UC Smiles Executive Director Seonmi Kim said recently that the program will be a success "if we can circulate around 60,000 UC Smiles in a year."
The UC Smiles program was started to encourage shoppers to buy local. Many of the early businesses to participate were Urbana businesses, but Champaign retailers and restaurants have also joined. A list of participating businesses can be found at the http://www.ucsmiles.org website.
Three businesses serve as UC Smiles exchanges, where dollars can be traded for the local currency.
Those businesses are Strawberry Fields and International Galleries, both in Urbana, and Cheese and Crackers in Champaign, Kim said.
"We want to have two more — one in downtown Champaign and one in west Champaign," Kim said. "About five (exchange) stores will be enough."
Kim, a doctoral student in social work at the University of Illinois, said she thought it would take time for people to understand the concept of a local currency and actually use it.
She said she was surprised how many people understood it and attributed the acceptance rate to Champaign-Urbana having "more progressive people who understand community development."
Kim said many participating retailers offer discounts to customers who pay with UC Smiles. But she said using local currency has other benefits, including building relationships between customers and merchants and developing customer loyalty.
Soon after the introduction of UC Smiles, Kim said, she got feedback from consumers who wondered whether it was illegal to use local currencies and whether local currencies had succeeded in other communities.
She assured them local currencies aren't illegal and referred them to sources where they could learn about other currencies such as the BerkShares used in the Berkshires region of Massachusetts.
During the early days of planning UC Smiles, organizers wanted to get a 3 percent commission from participating businesses, Kim said.
They figured the commission would help cover operational costs. Plus, they reasoned business owners would benefit from UC Smiles publicity and avoid the expense associated with credit-card purchases.
But the idea didn't fly, and organizers dropped plans for the fee.
For now, Kim said, operational costs are being covered by two grants. But for the long term, organizers are investigating other revenue sources, including online fundraising, federal dollars for community development and identifying potential donors.
Kim said there aren't many expenses because UC Smiles is largely a volunteer project.

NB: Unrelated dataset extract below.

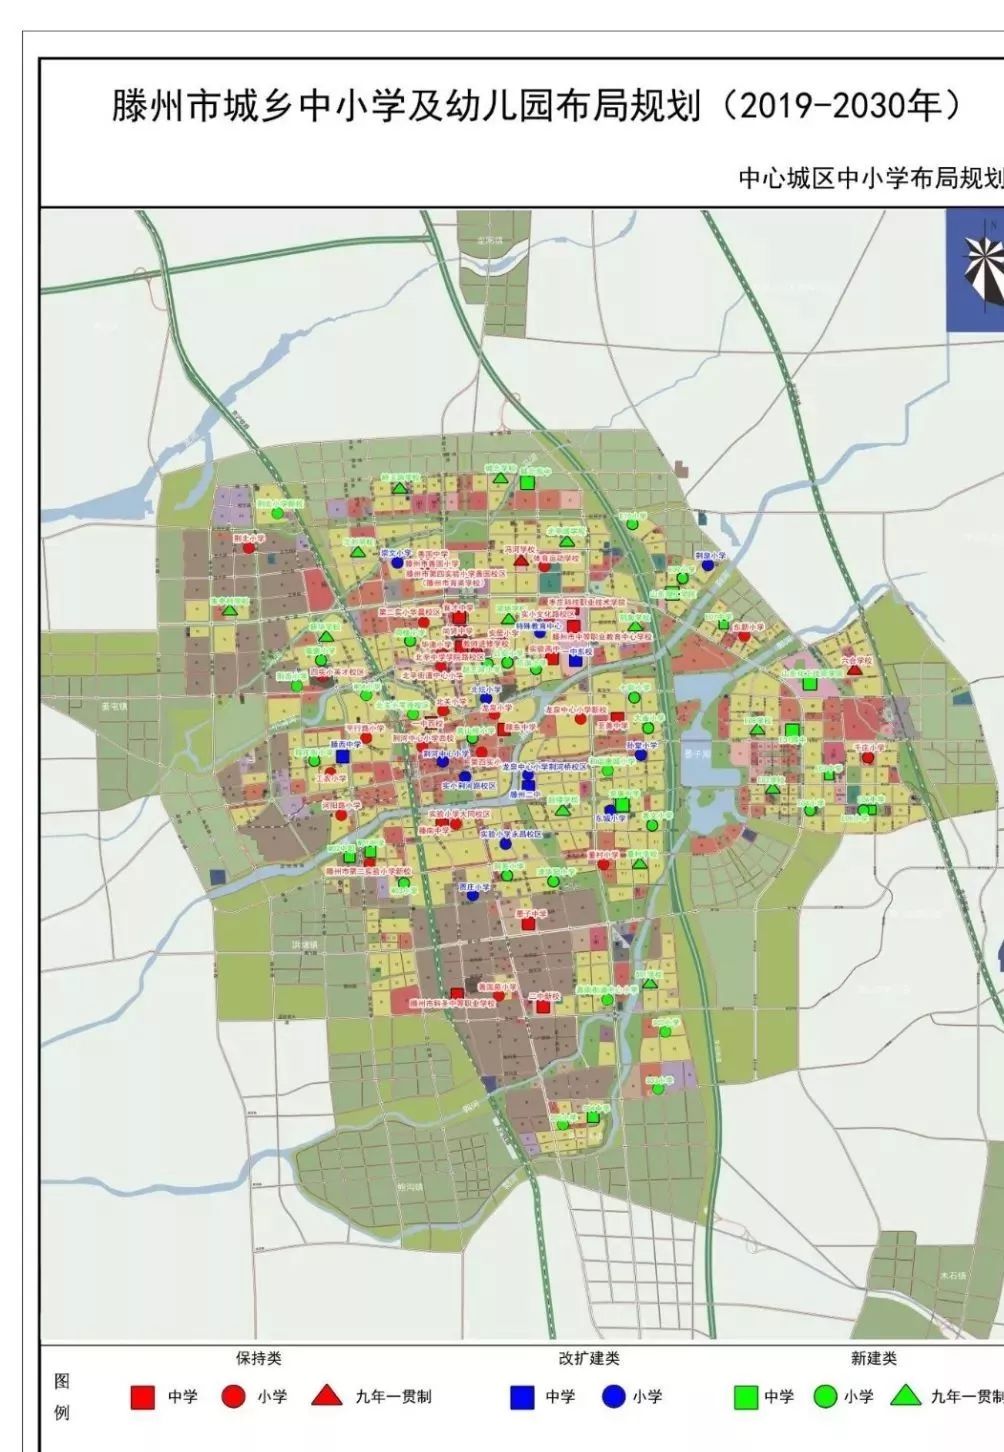 滕州街道划分范围地图图片

But the program must pay for website management and the printing of brochures, among other things.
Two departments at the University of Illinois are planning a survey in March and April to determine how business owners use UC Smiles and how the money recirculates, Kim said. She hopes to have survey results by the end of April.
Kim said when the currency was originally proposed, she hoped to have drawings of local community activists — among them, John Lee Johnson and Vashti McCollum — on the bills.
But organizers eventually settled on local wildlife and historical scenes. The one-Smile bill features a darter on the front and an 1883 photo of the Old Settlers Society on the back.
The five-Smile bill features a kestrel and an 1891 picture of the Champaign-Urbana street railway, and the 20-Smile bill depicts a morel mushroom and the Alma Mater sculpture.